The future is in networks. 

What will be the technology of the future communications networks? We know with absolute certainty that it is DIGITAL. Someday, all telephone networks will be digital. The telephone companies know that this is true, they know that they must do it to remain competitive, they know how to build it. Technology is easy. Comedy is hard. 

The part they are unsure of is how to make money at it. They are under attack in exactly the same way they attacked the telegraph companies a century ago. They know they have to adapt, but they don't know what to become, and even if they did, regulatory restrictions may constrict them. So we have seen what had once been very respectable companies doing outrageous things like speculating in videogames, or conducting an expensive advertising campaign to sell products that don't exist. 

The thing that makes telecommunications so wonderful is also what makes it so difficult.

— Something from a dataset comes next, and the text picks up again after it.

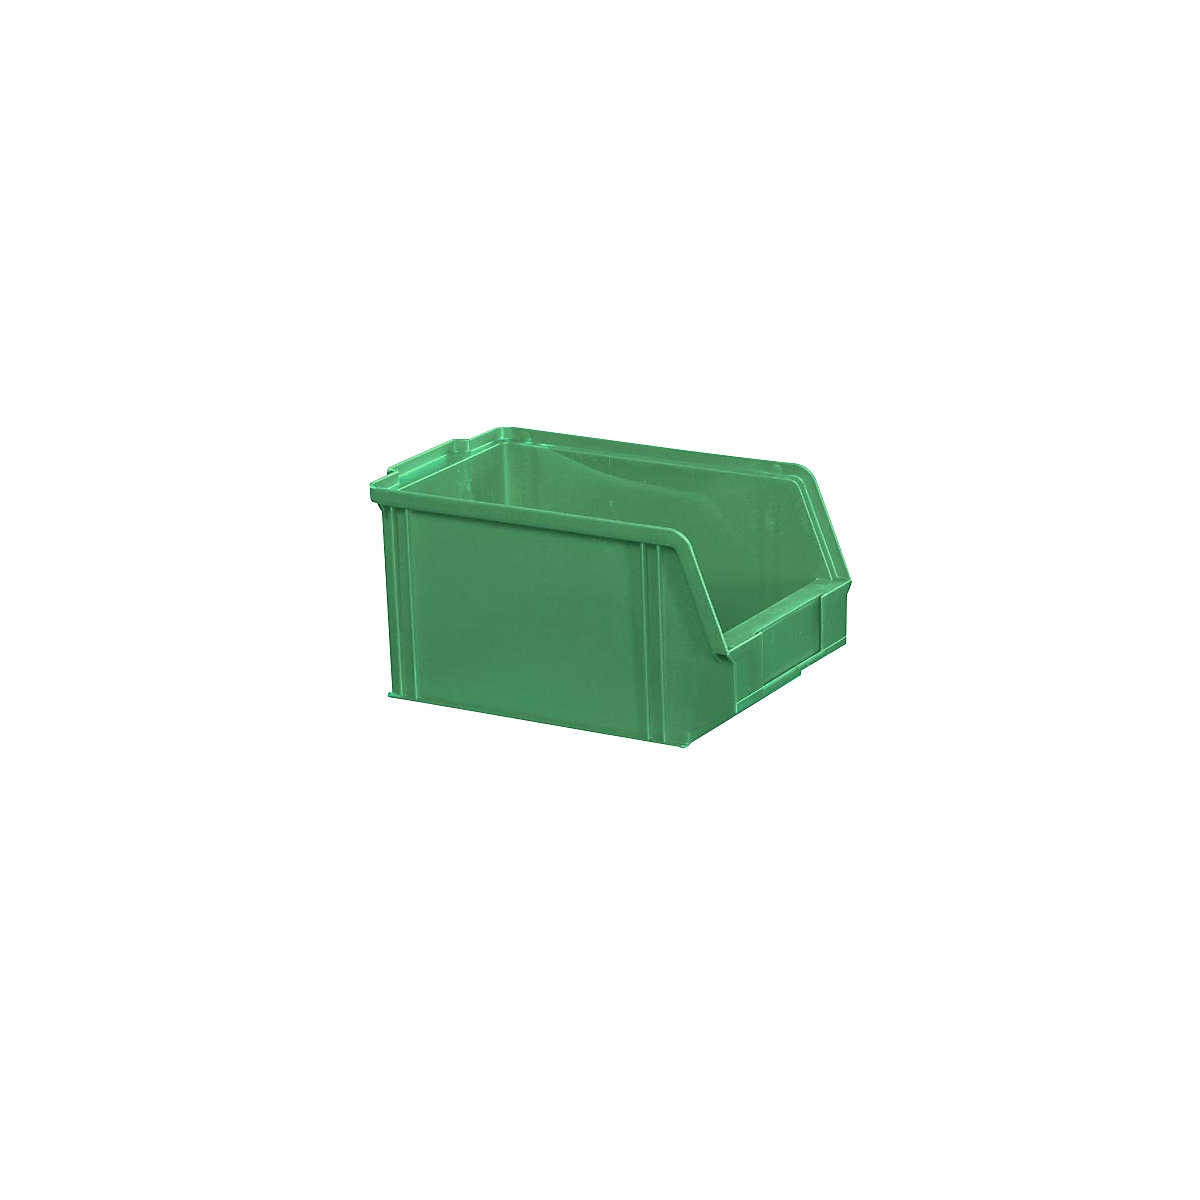 Sichtlagerkasten aus Polystyrol, Länge 230 mm, BxH 146 x 130 mm, VE 60 Stk, grün-12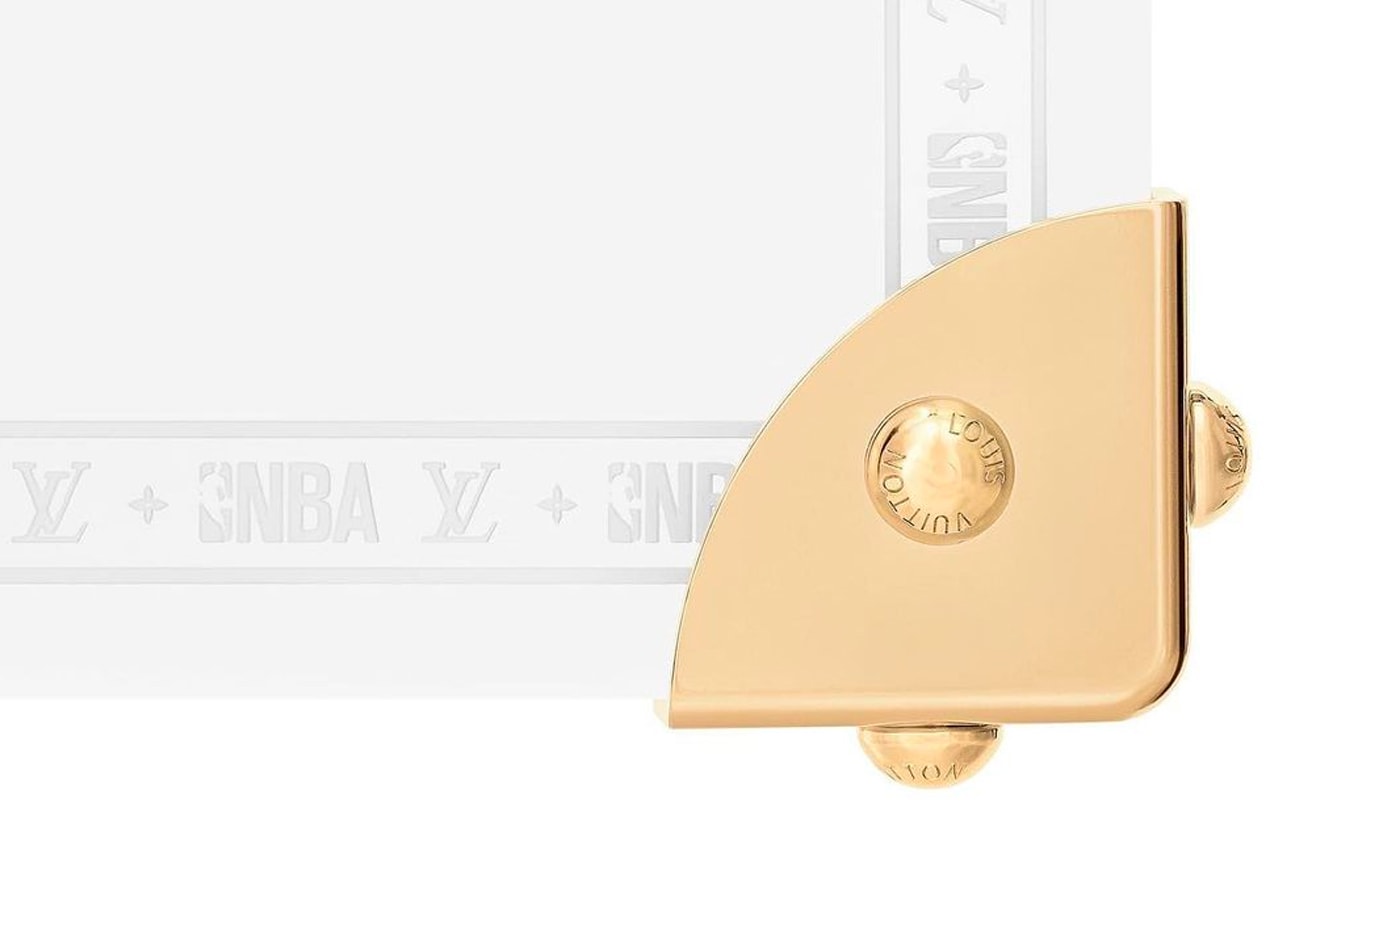 ルイ・ヴィトン バスケットゴールとボールのパックを発売 NBA Louis Vuitton Backboard Ball Virgil Abloh Release Info Buy Price

It is only really useful when everyone is hooked up. Full deployment of a new technology is extremely expensive. And because technology advances so quickly, there is a significant risk that the wrong technology will be used. By definition, it is large scale. 

Unlike multimedia, a phone company can't sell 40,000 units of something and then declare that they've established a billion dollar industry. They have to do it for real and the stakes are very high. 

It is frightening. Fail to act: extinction. Move, you have a chance. But take the wrong step: extinction. 

It is like we're at the end of the Corporate Cretaceous Period. The big dinosaur companies somehow know that they lack the genetic material to survive in the next age, so they are madly mating with each other, hoping to find the assets and intelligence to continue to dominate in the next age.  

And so we've been witnessing the Dance of the Dinosaurs, where they go pairing off in unexpected ways, each hoping that the other knows where it's going. It's like a crazy high stakes game of follow the loser. 

This state of chaos cannot exist for long. We will eventually reach the point where it is obvious what the New Medium is, and when that happens, we will see a rapid transition to a new state of stability. In the process we will see some companies fail, some industries diminish, and amazing wonderful things seeming to come out of nowhere. 

The new medium will be the largest open system in the world. It will reach everyone. It will be inherently secure. It will transform the Global Village into a community. It will make money for a lot of people. 

A new medium that is less than that will not dispel the confusion.